In this study, voice recordings were easily attained with no adverse effects or technical difficulties. Recording with mobile devices eliminates the potential risk of bolus aspiration and does not require the use of special equipment, such as a sensor or accelerometer38,39. The methods proposed in this study differed from past studies in that the voice recording was performed without the introduction of additional bolus material and posed no additional threat of aspiration and thus can be safely performed even on those at risk of aspiration pneumonia. Also, the main objective of our algorithms differed from past studies; we attempted to classify those with severe dysphagia or risk of respiratory complications, while past studies attempted only to detect the presence of aspiration per se via voice changes after a bolus swallow. Additionally, voice recordings can easily be performed on severely ill patients to obtain objective voice biomarkers. In a broader context, this novel method to assess patients admitted to the intensive care unit or in the emergency setting, which require an easy but noninvasive bedside evaluation to screen for the risk of dysphagia and aspiration pneumonia19 before referral for instrumental tests.
Our study has some limitations. First, only those with brain lesions were included in the study; and those with any degree of dysphagia referred for assessment were used for model development with no comparison to a healthy normal population. However, our ongoing studies on deep learning models include acoustic analysis data from a healthy population and attempt to distinguish dysphagic voices from normal ones. Second, while those undergoing FEES underwent phonation recording simultaneously, there was a lapse in those who underwent VFSS with a median interval of four days. Future studies that assess voice change 24 h after stroke onset upon hospital arrival would better reflect early voice change in predicting dysphagia and aspiration risk. Third, a single vowel phonation of /e/ was evaluated in this study. Previous studies have shown that the corner vowels /i/, /o/, or /u/ have differences in the acoustic parameters, and the logarithmic energy during vowel phonation was also proven to show differences40. The acoustic parameters from this vowel showed good AUC values, but whether multiple vowels can help increase the accuracy is a topic that warrants more future studies. Finally, despite the high AUC, the sensitivity levels for the second algorithm showed wide confidence intervals. Future studies that combine voice signals with other patient-generated health data to further increase these diagnostic properties are warranted.
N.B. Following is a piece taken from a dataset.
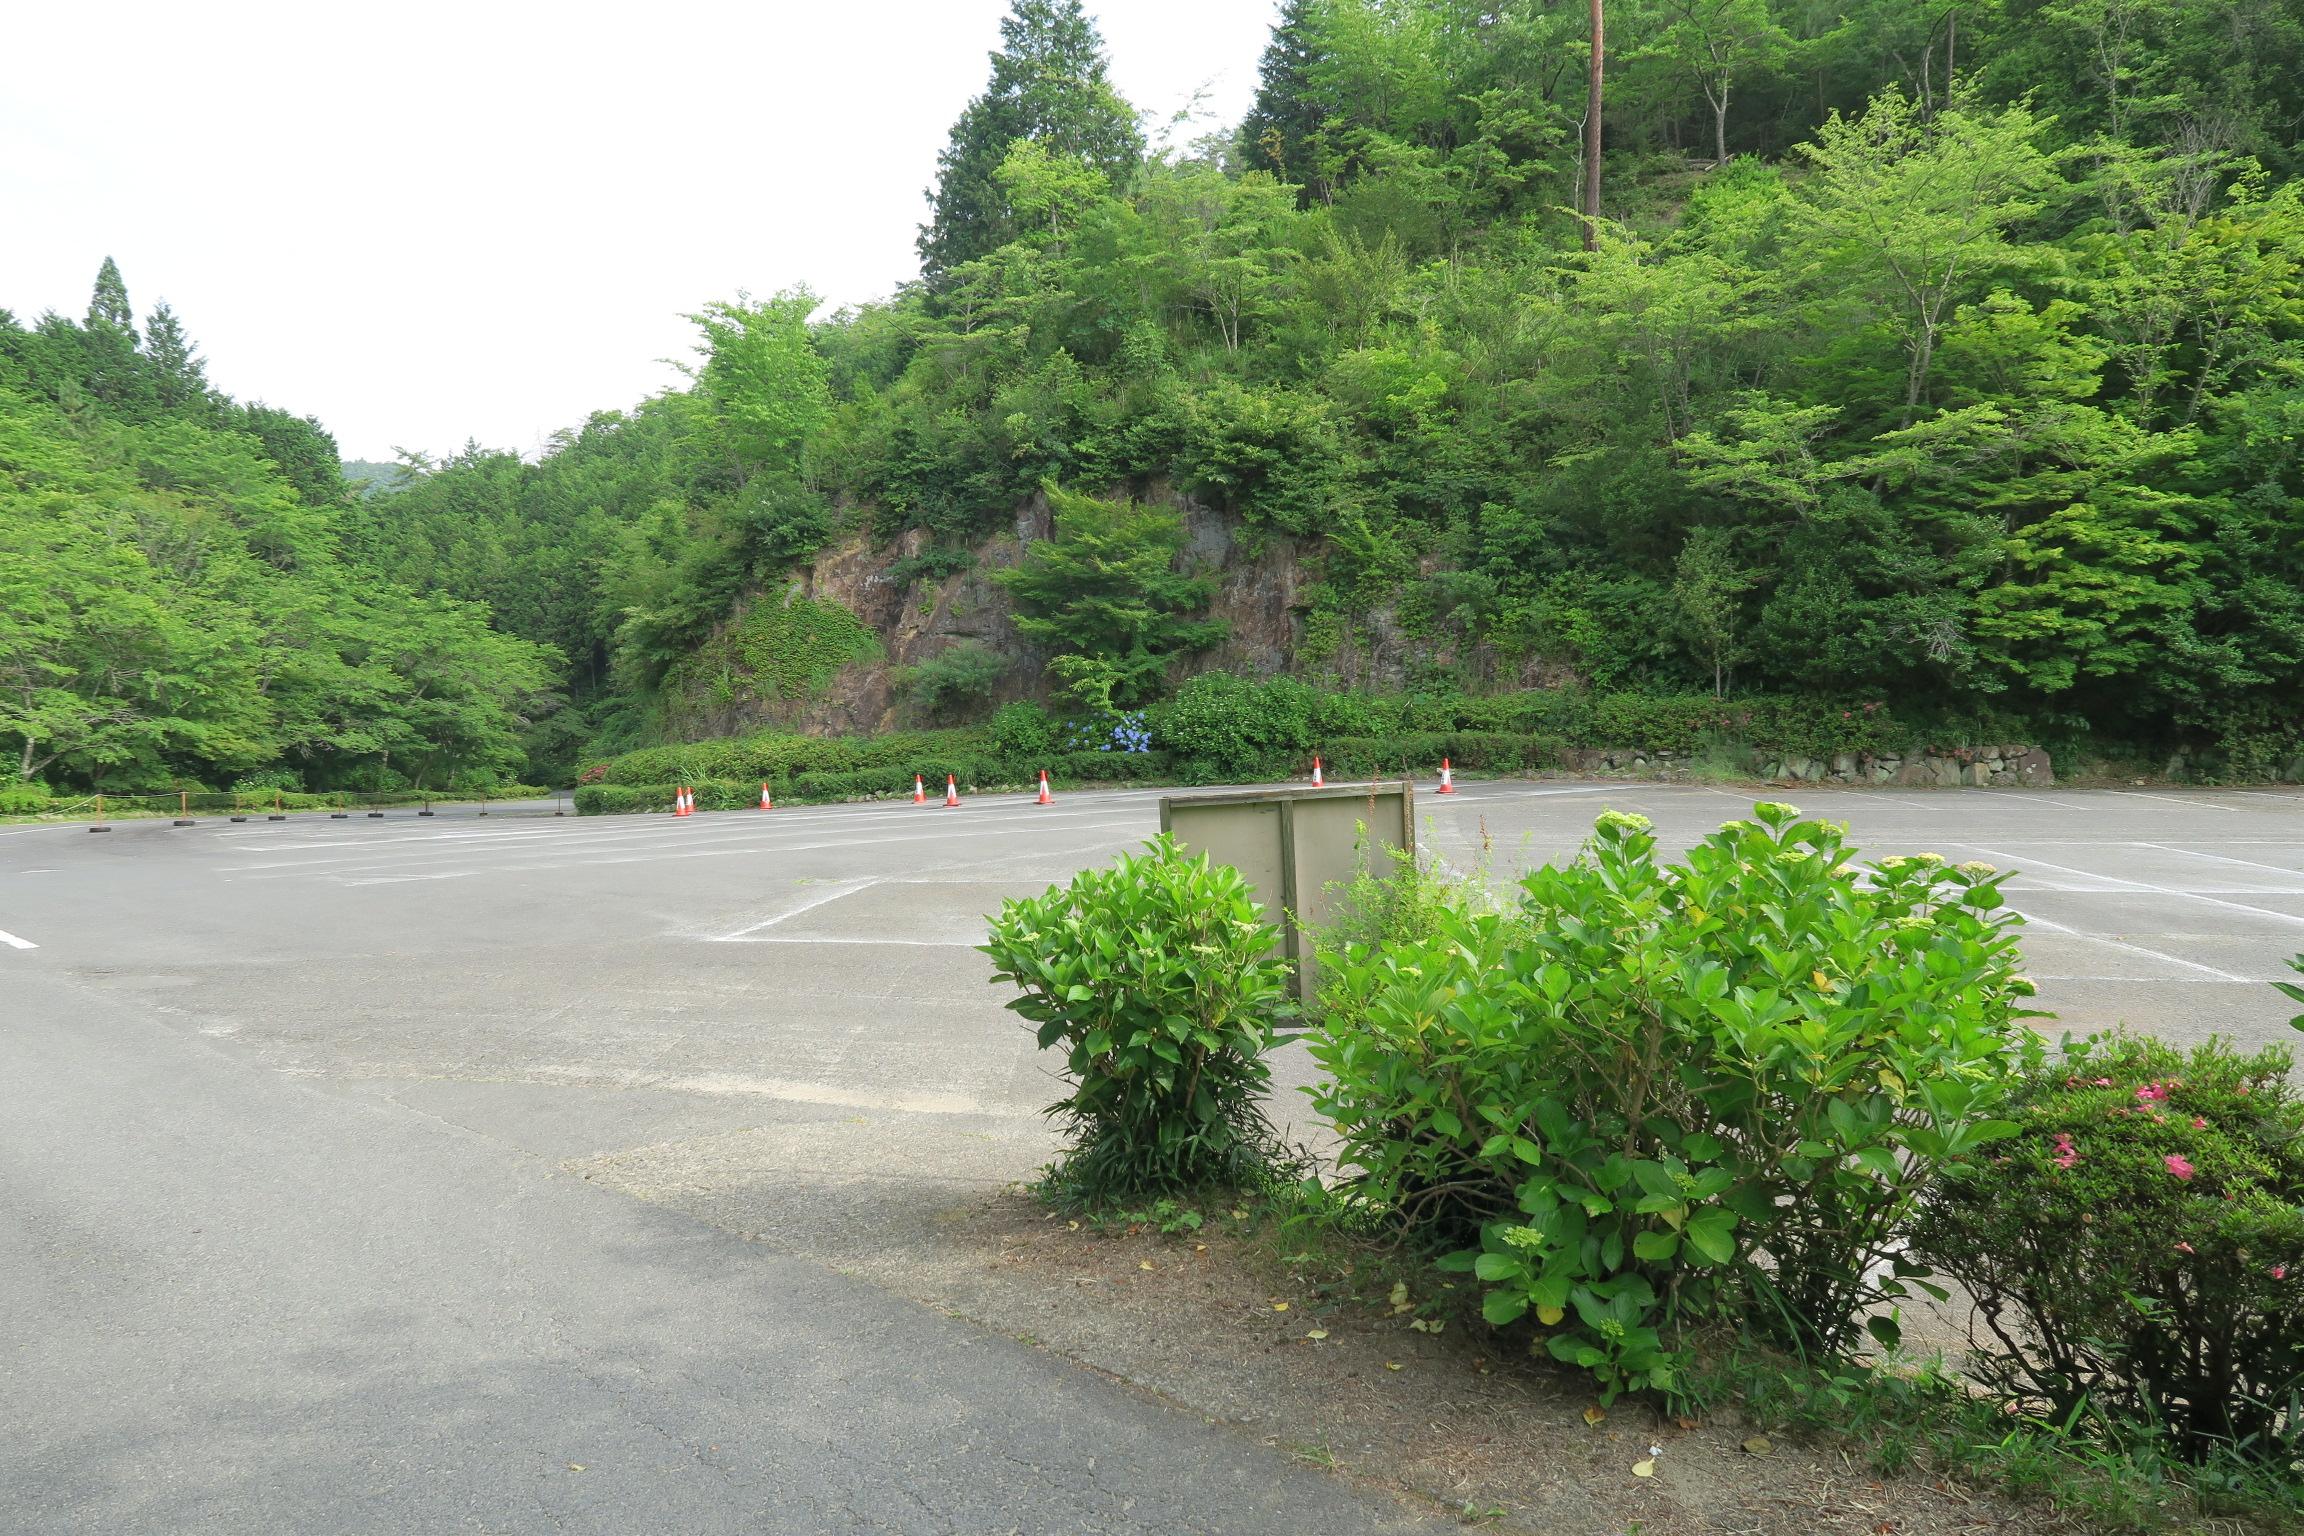 しょうぶ園の横にある大駐車場。朝イチなので、まだ車なし。。。

In conclusion, voice parameters obtained via a mobile device under controlled settings can help to classify those at risk of respiratory complications with high sensitivity and accuracy levels. Whether our novel algorithms using mobile devices can help identify those at a high risk of respiratory complications, allowing for early referral to respiratory experts and subsequently reducing aspiration pneumonia is a topic that needs to be explored in future large-scale multi-center prospective studies.